Ein Harod (Ihud) (עֵין חֲרוֹד אִחוּד) is a kibbutz in northern Israel. Located in the Jezreel Valley near Mount Gilboa, it falls under the jurisdiction of Gilboa Regional Council. In it had a population of .

==Etymology==
The kibbutz is named after the biblical spring of En Harod, which has become associated with the spring known in Hebrew as Ma'ayan Harod and in Arabic as Ain Jalut. The kibbutz is close to this spring, which was the site of the 1260 Battle of Ain Jalut, the first major Mongol defeat in the Mongol invasion of the Levant.

==History==
It was formed in 1952 as a result of an ideological split in kibbutz Ein Harod (founded 1921), with Mapam-supporting members forming Ein Harod (Meuhad) and Mapai-supporting members breaking away to create Ein Harod (Ihud), which joined the Mapai-affiliated Ihud HaKvutzot veHaKibbutzim.
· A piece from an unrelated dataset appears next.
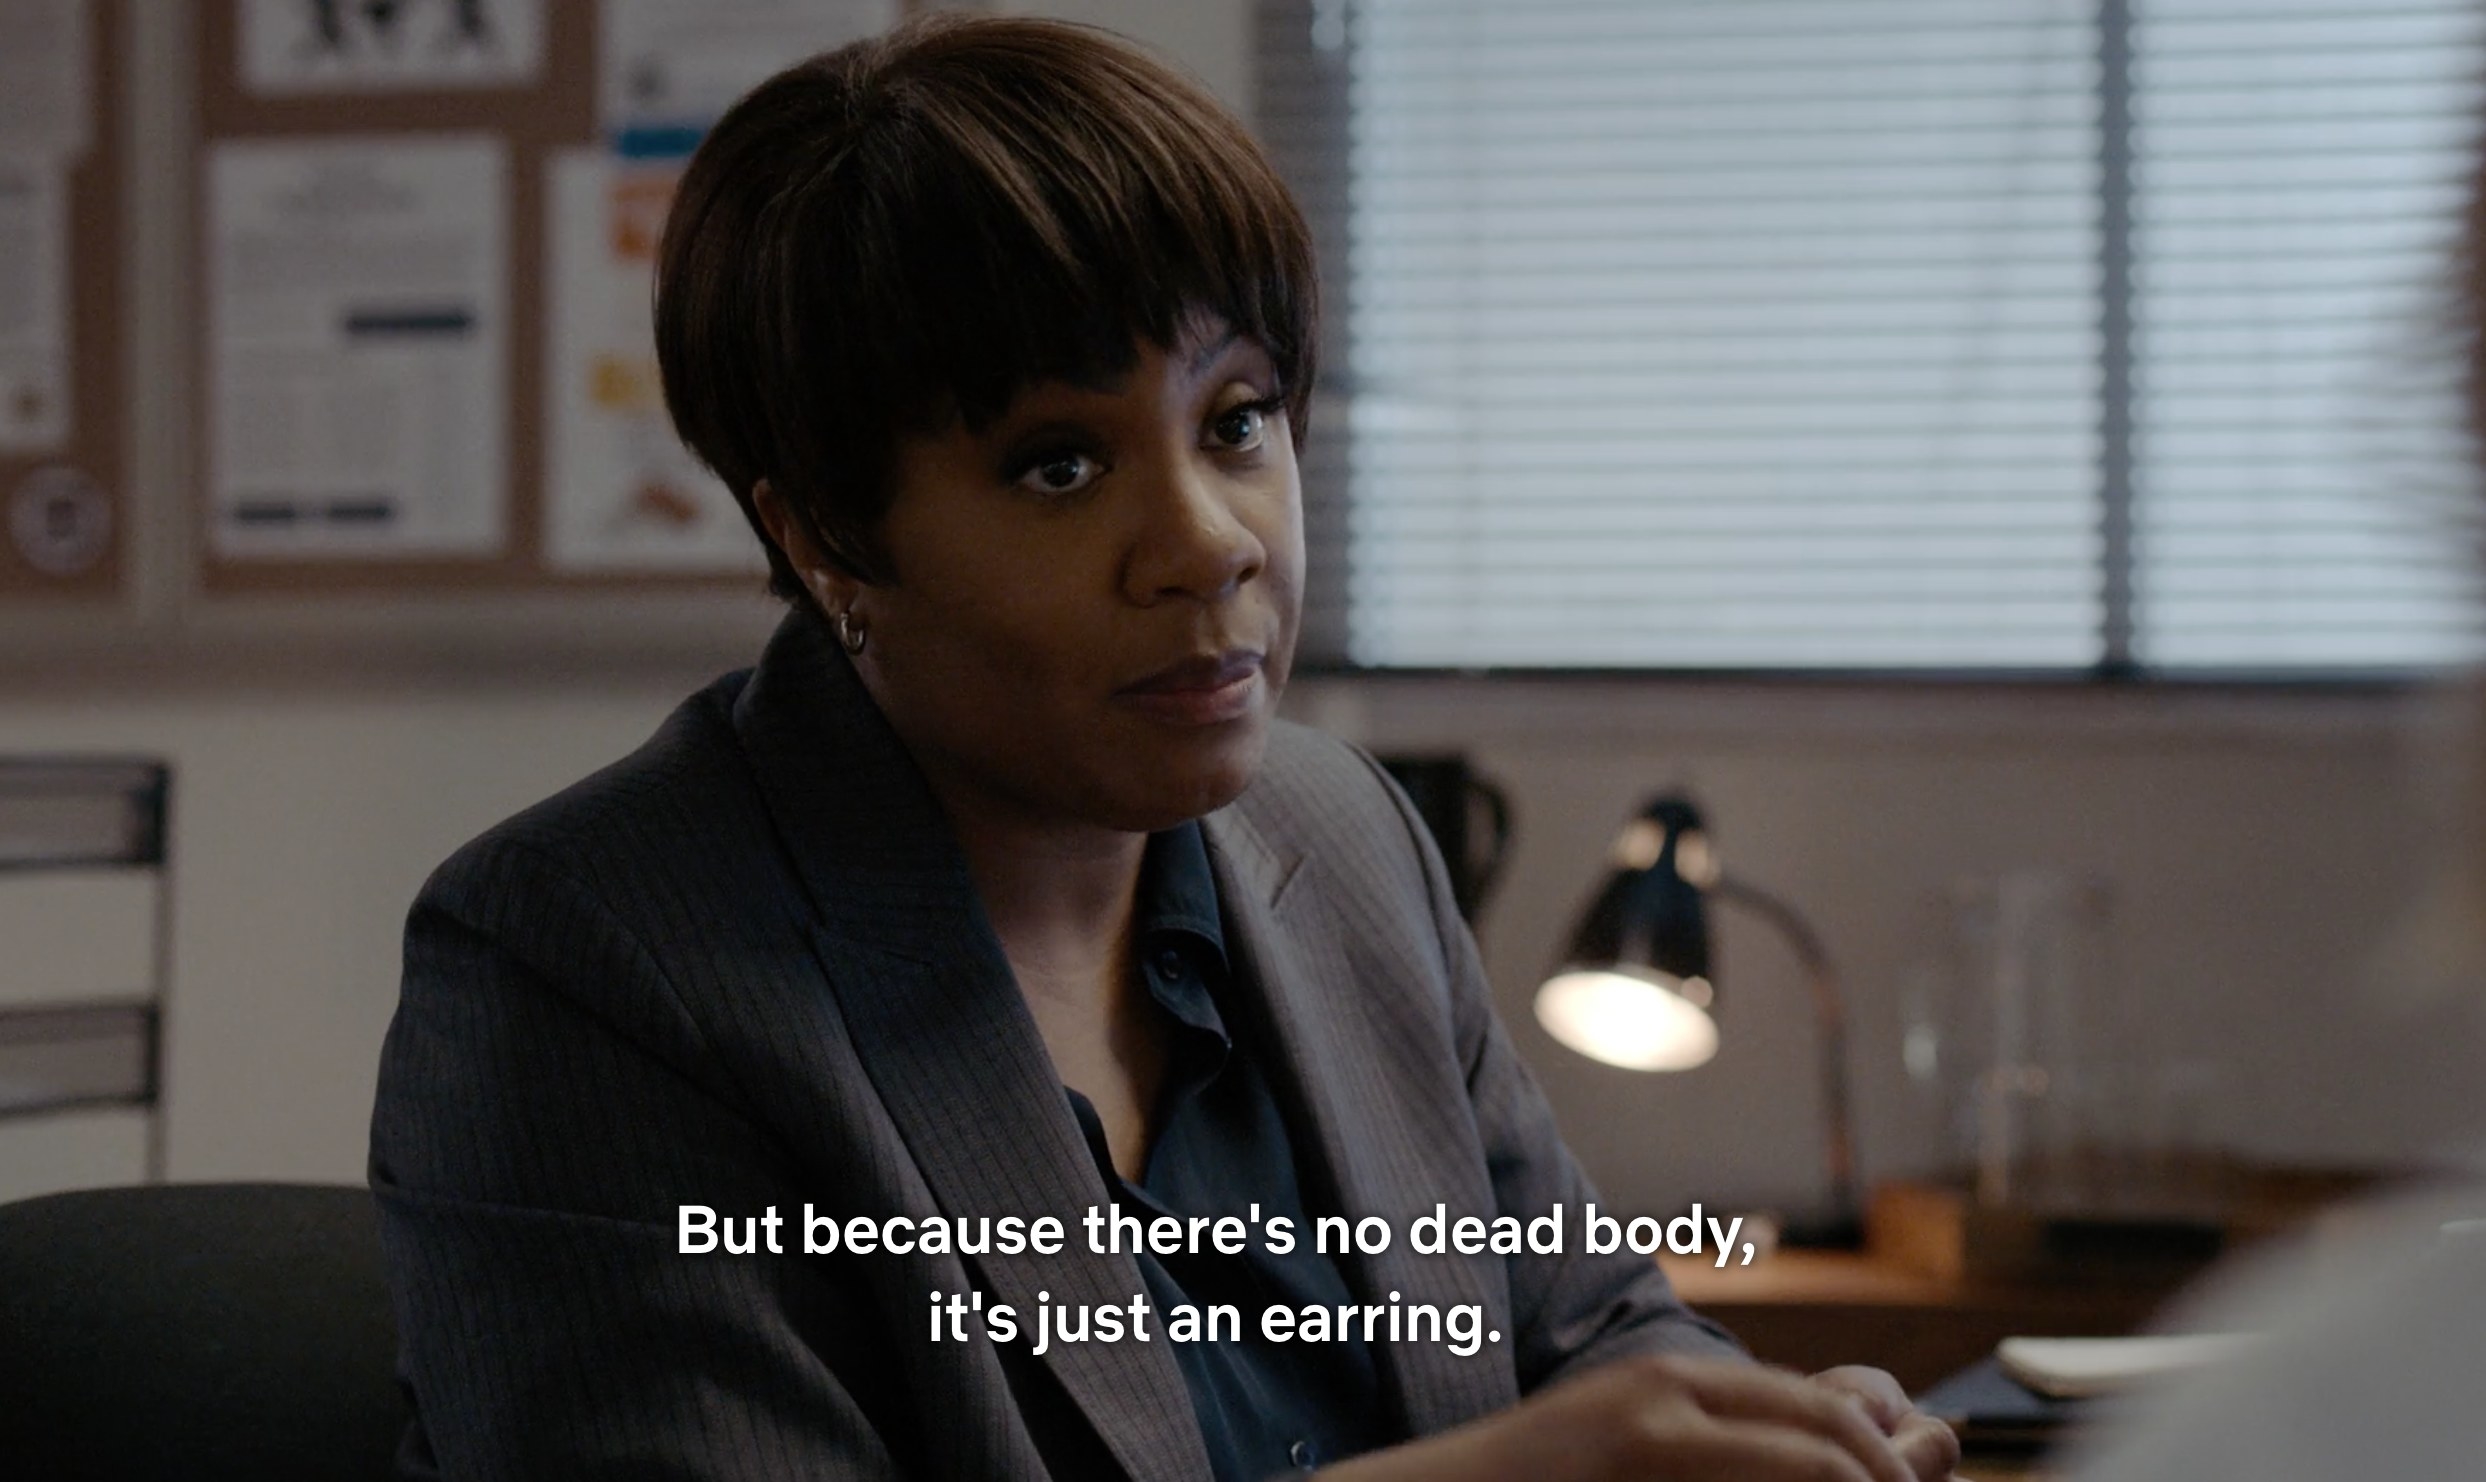 A female detective with short hair says &quot;But because there&#x27;s no dead body, it&#x27;s just an earring&quot;

Today both kibbutzim belong to the same movement, the United Kibbutz Movement.

It is located on land near the former depopulated Palestinian village of Qumya.

==Environmentalism==
Ein Harod Ihud was Israel's first "green" kibbutz. The kibbutz has introduced a whole series of environmental projects. Recycling bins have been installed for sorting waste and an ecological garden is being planted based on a model developed by the Ministry of Environmental Protection and the Technion. The kibbutz is switching to environmentally friendly detergents and has distributed a list of products not tested on animals. An energy survey has been conducted to identify alternative energy sources in the kitchen, laundry and ironing room. Energy consumption is being cut by using energy-saving bulbs and air conditioners, and installing electricity meters in homes and public buildings. The Ministry of Agriculture has approved funding for research on energy efficiency in milk cooling.